Nepal – Teaching in Pokhara

photo credit: Alex Dugan


Upon our arrival at the school in Pokhara we were greeted by the headmaster, who let us know that we would have five classes that day. For those of us who had been teaching in Bhaktapur, we were struck by the infrastructure of the school and the paved playground – something we were certainly not used to!

The school appeared to be in great condition and behind the site you were surrounded by green hills. One comment passed amongst the mentors was that it reminded them a little bit of the Welsh hills – nothing like a reminder of home to make you feel comfortable! We were told to expect three grade eight classes and two grade nine. Some of us were split off to teach independently, leaving four to be put into pairs to co-teach. Sana and myself walked into our classroom of grade nines and were shocked to find a huge class of 49 pupils.

We started to teach our first lesson and they were certainly eager to get involved, but we quickly realised that our voices just were not physically loud enough. With the classroom walls being made out of bamboo i.e. Wafer-thin and not soundproof, next doors class’ number game completely drowned our voices out!
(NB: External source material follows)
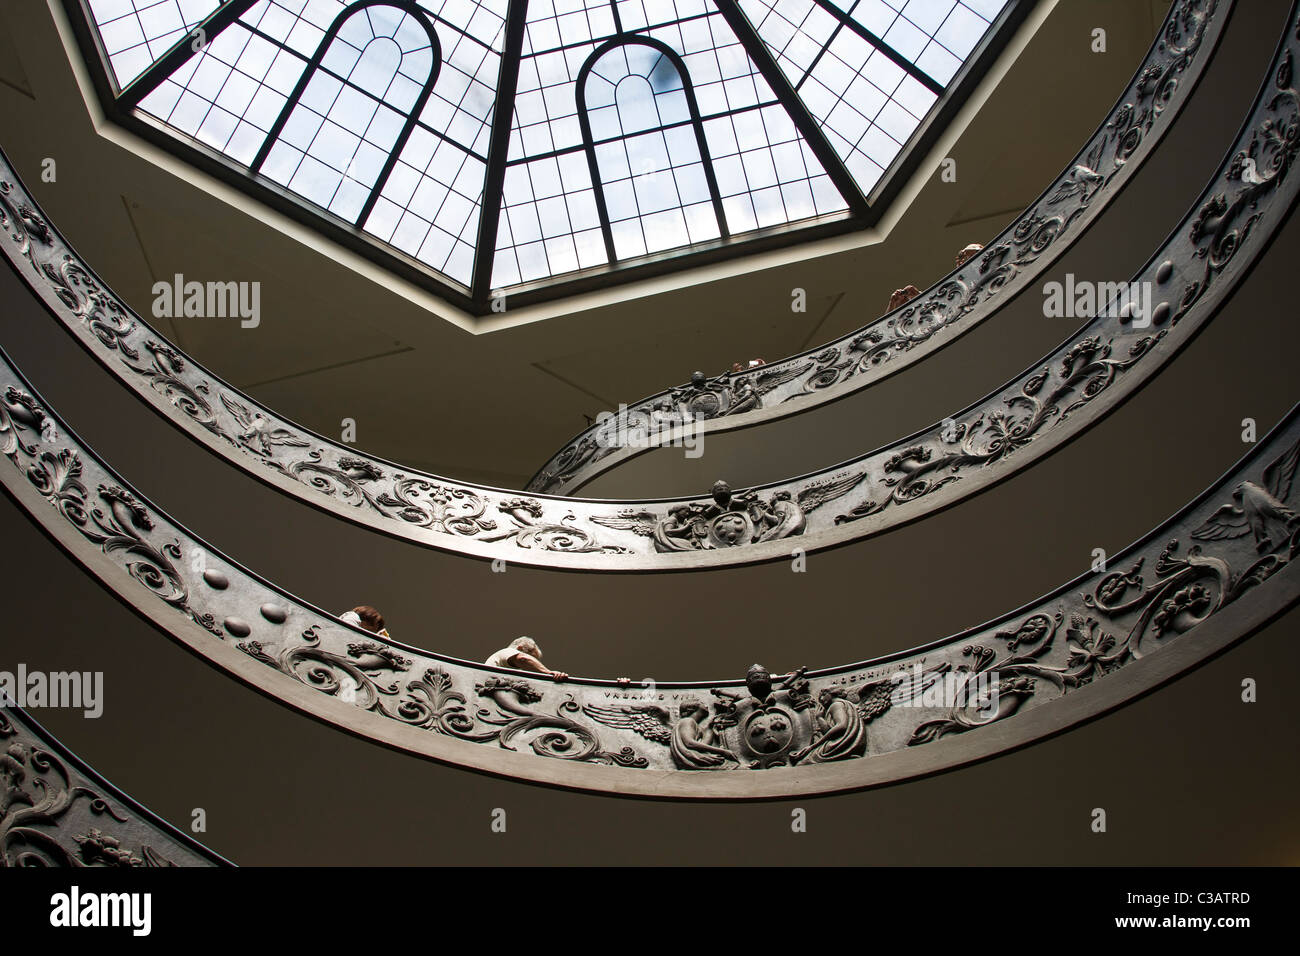 Detail of the famous spiral stairway at the Vatican museum in Rome Italy Stock Photo

Luckily, we had a brief team talk and decided to put the boys, Kris and James, in our class with the idea being that their voices might be louder than ours.
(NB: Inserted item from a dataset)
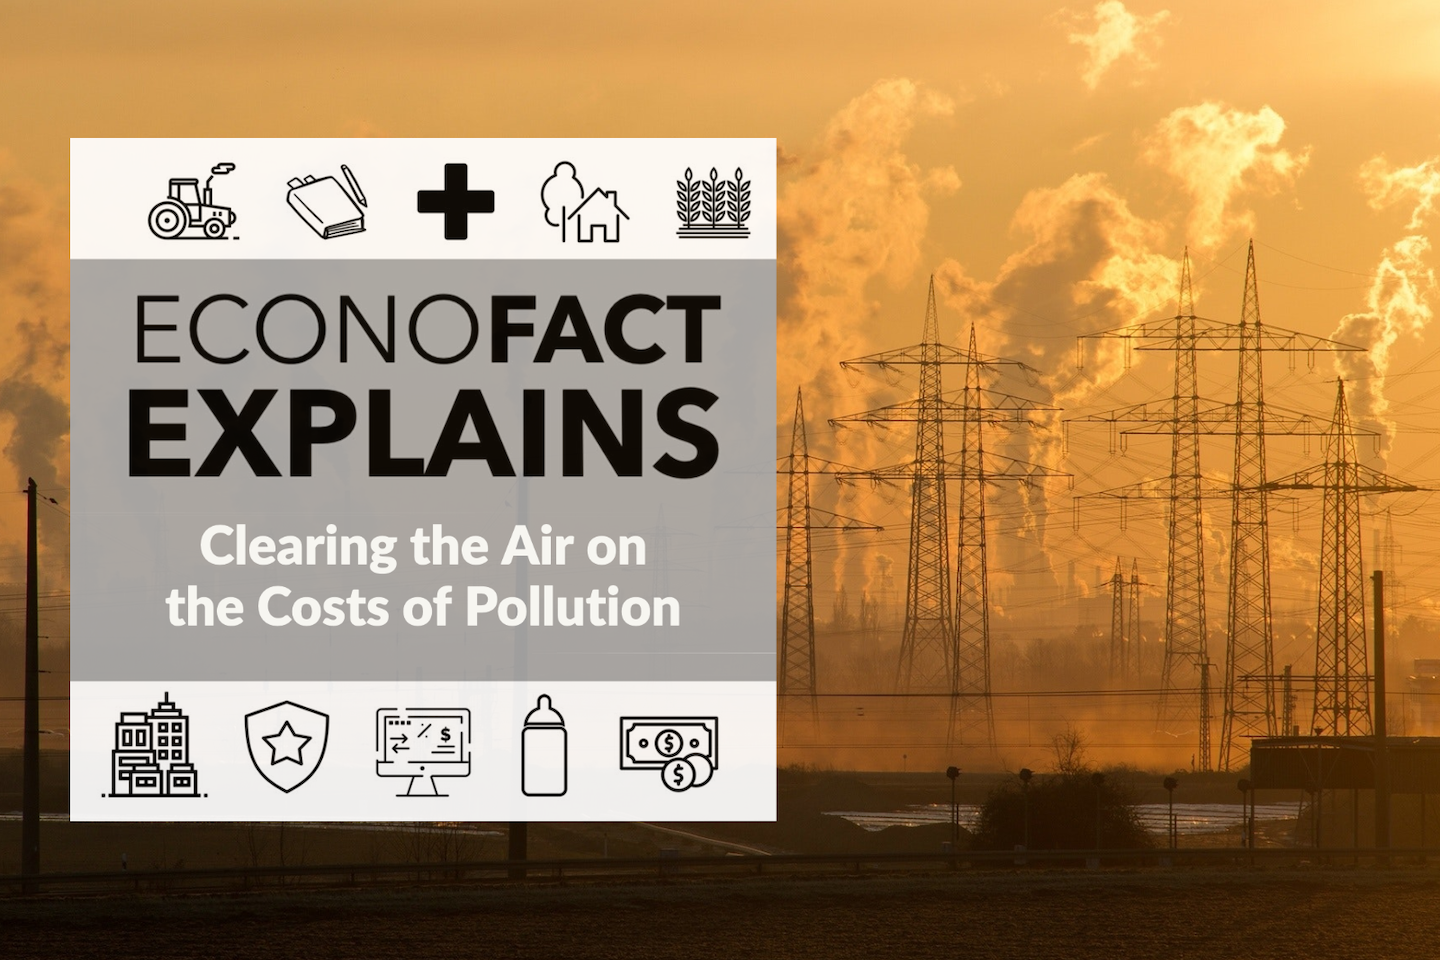 Clearing the Air on the Costs of Pollution

After a long and hard day of teaching, in which all of us came away with sore throats, we were able to put together a 5 person team to invite to the Debate Mate final in Kathmandu. It was a spur of the moment decision to invite a team from Pokhara, and was a result of a successful teaching day and some excellent students. Alex frantically sought to gather the money needed to give to the school for the transport. We joked that we would know have to live in hope that they would definitely turn up and not run away with 10,000 rupee (of course they showed up and were absolutely fantastic!).